#### What to work on:
Reprint the lines below as they are, minus the pictures.

#### Provided data:
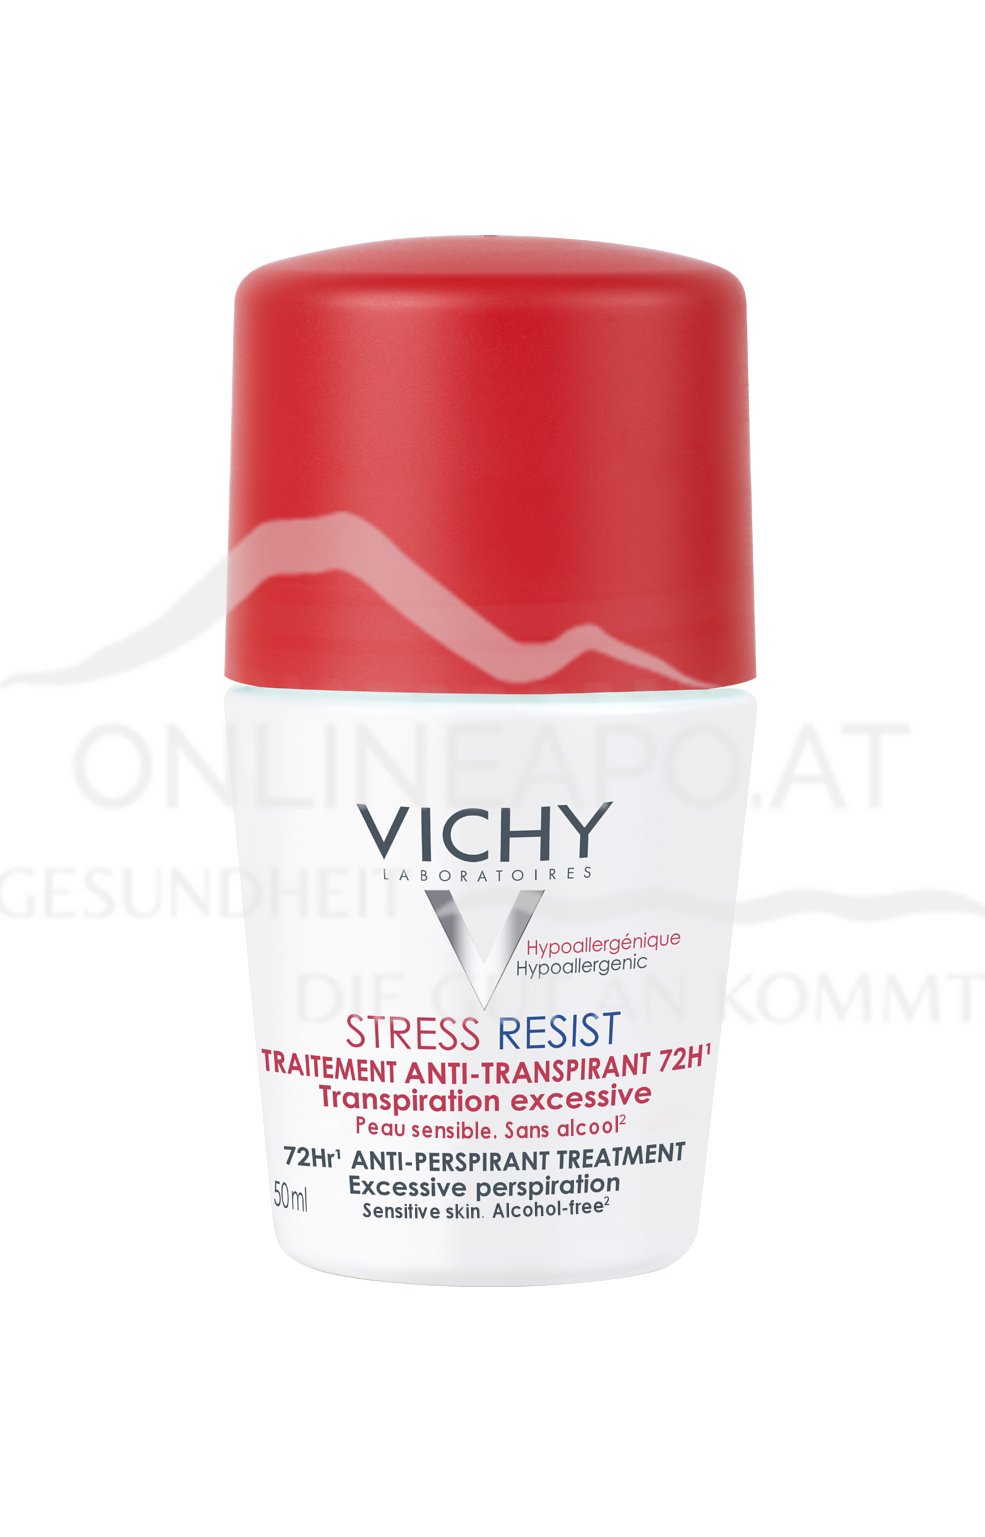 VICHY Deo Anti-Transpirant 72h Stress Resist
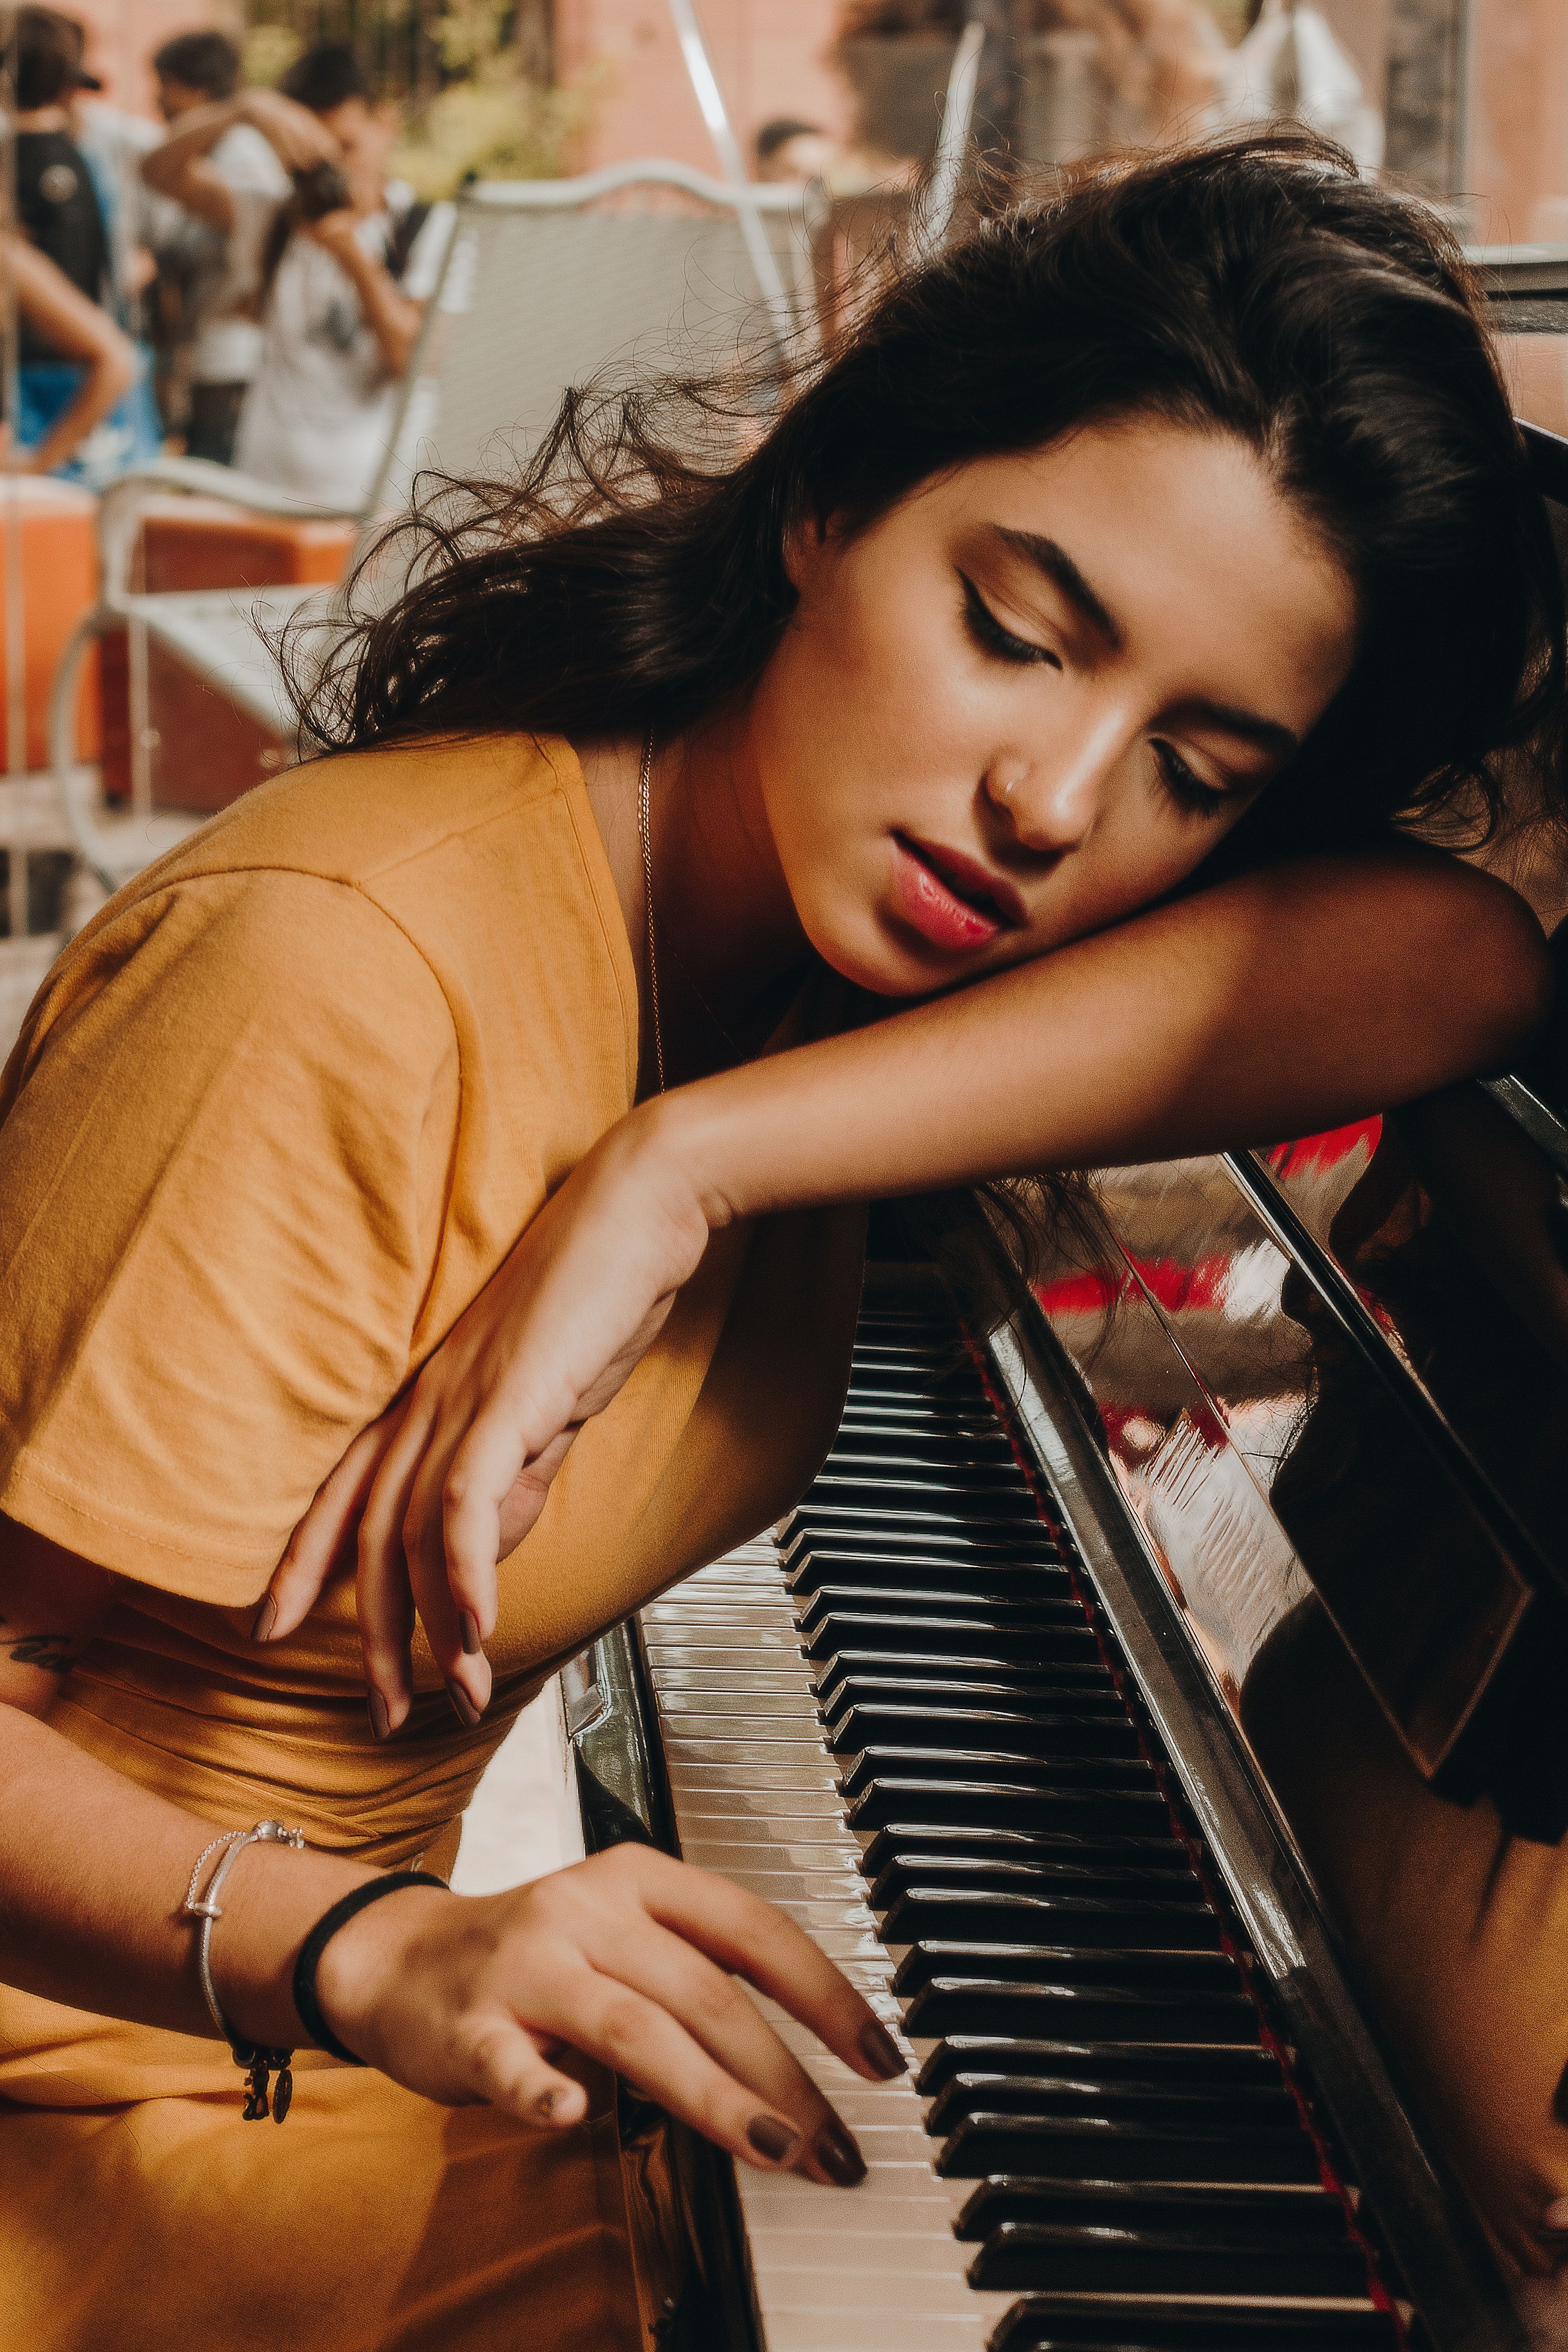 Woman Lying Her Head on Piano · Free
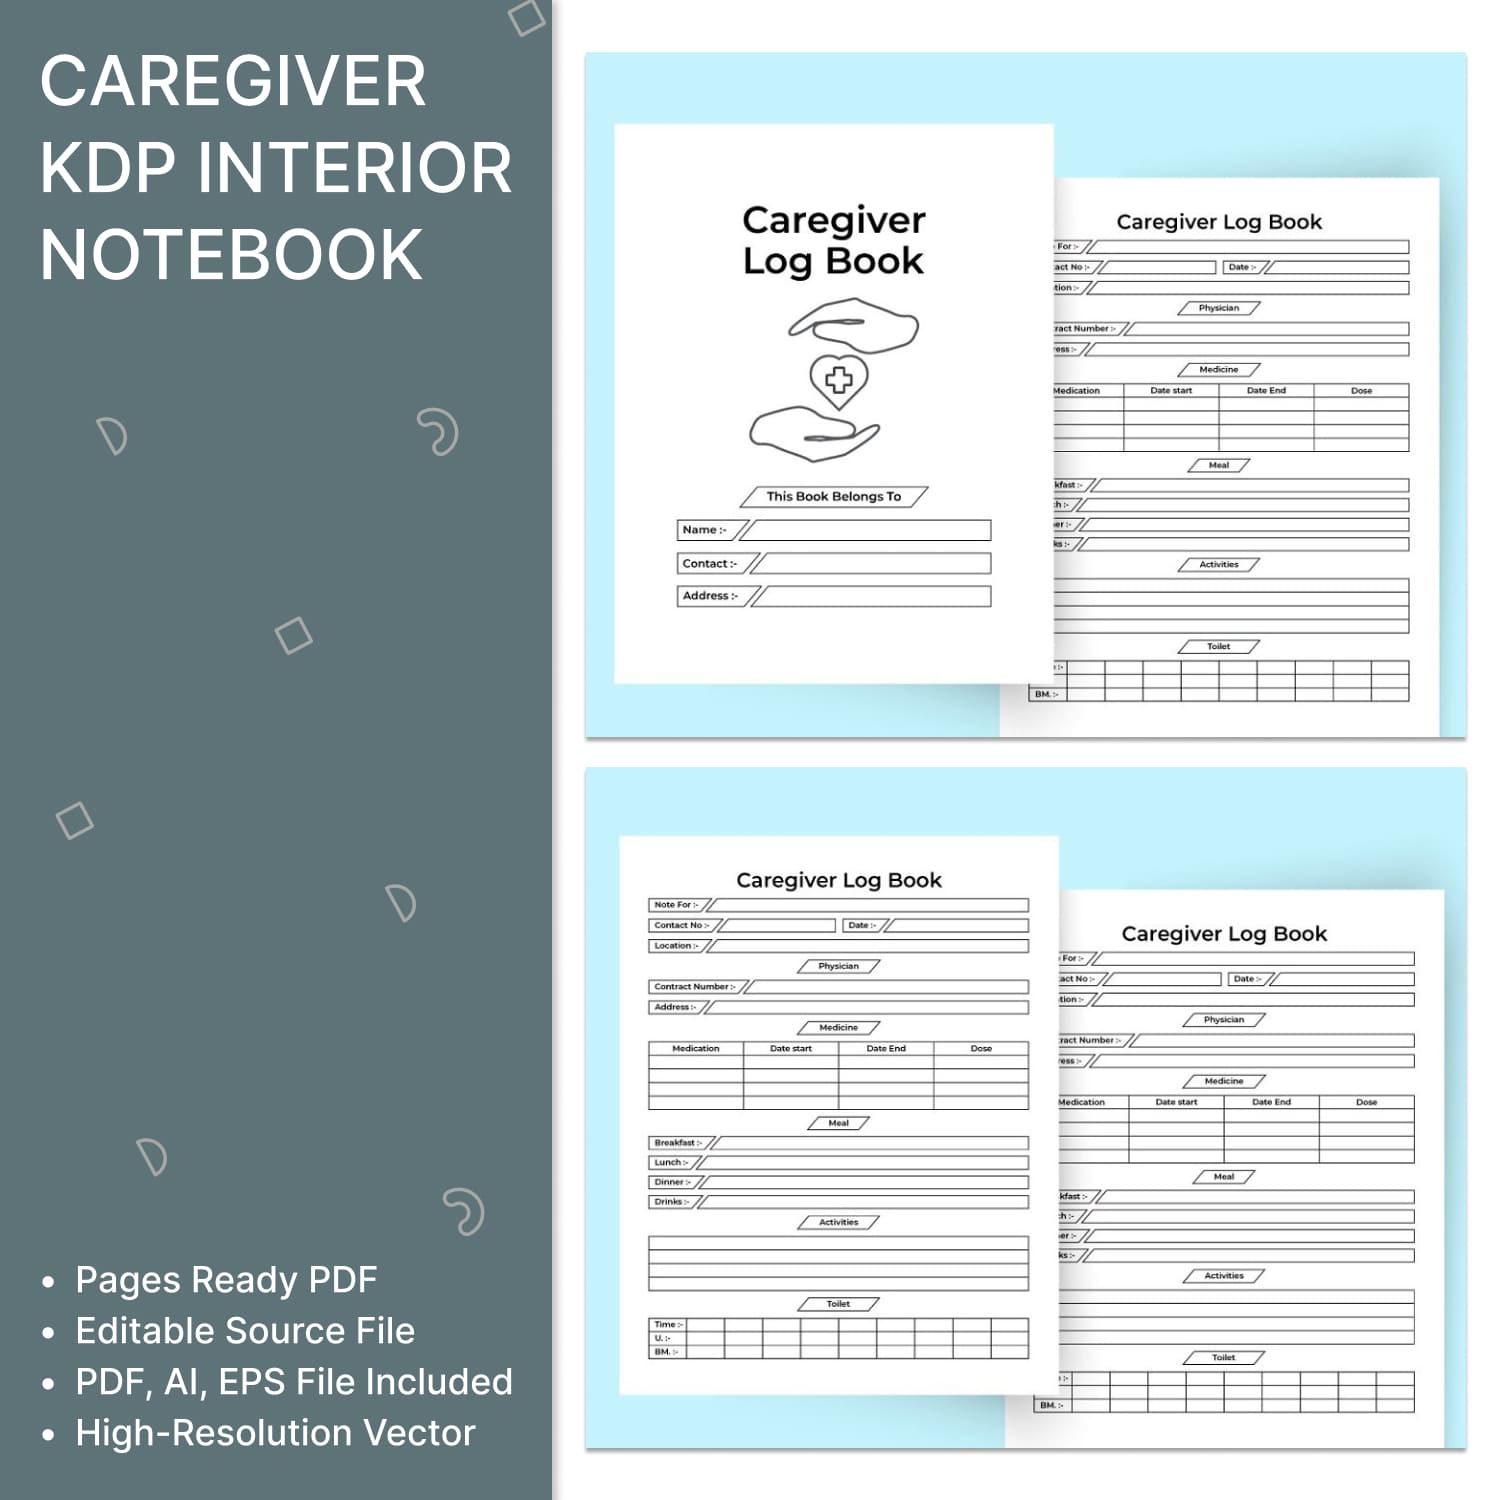 Caregiver KDP interior notebook - main image preview.

#### Solution below:
 VICHY Deo Anti-Transpirant 72h Stress Resist
 Woman Lying Her Head on Piano · Free
 Caregiver KDP interior notebook - main image preview.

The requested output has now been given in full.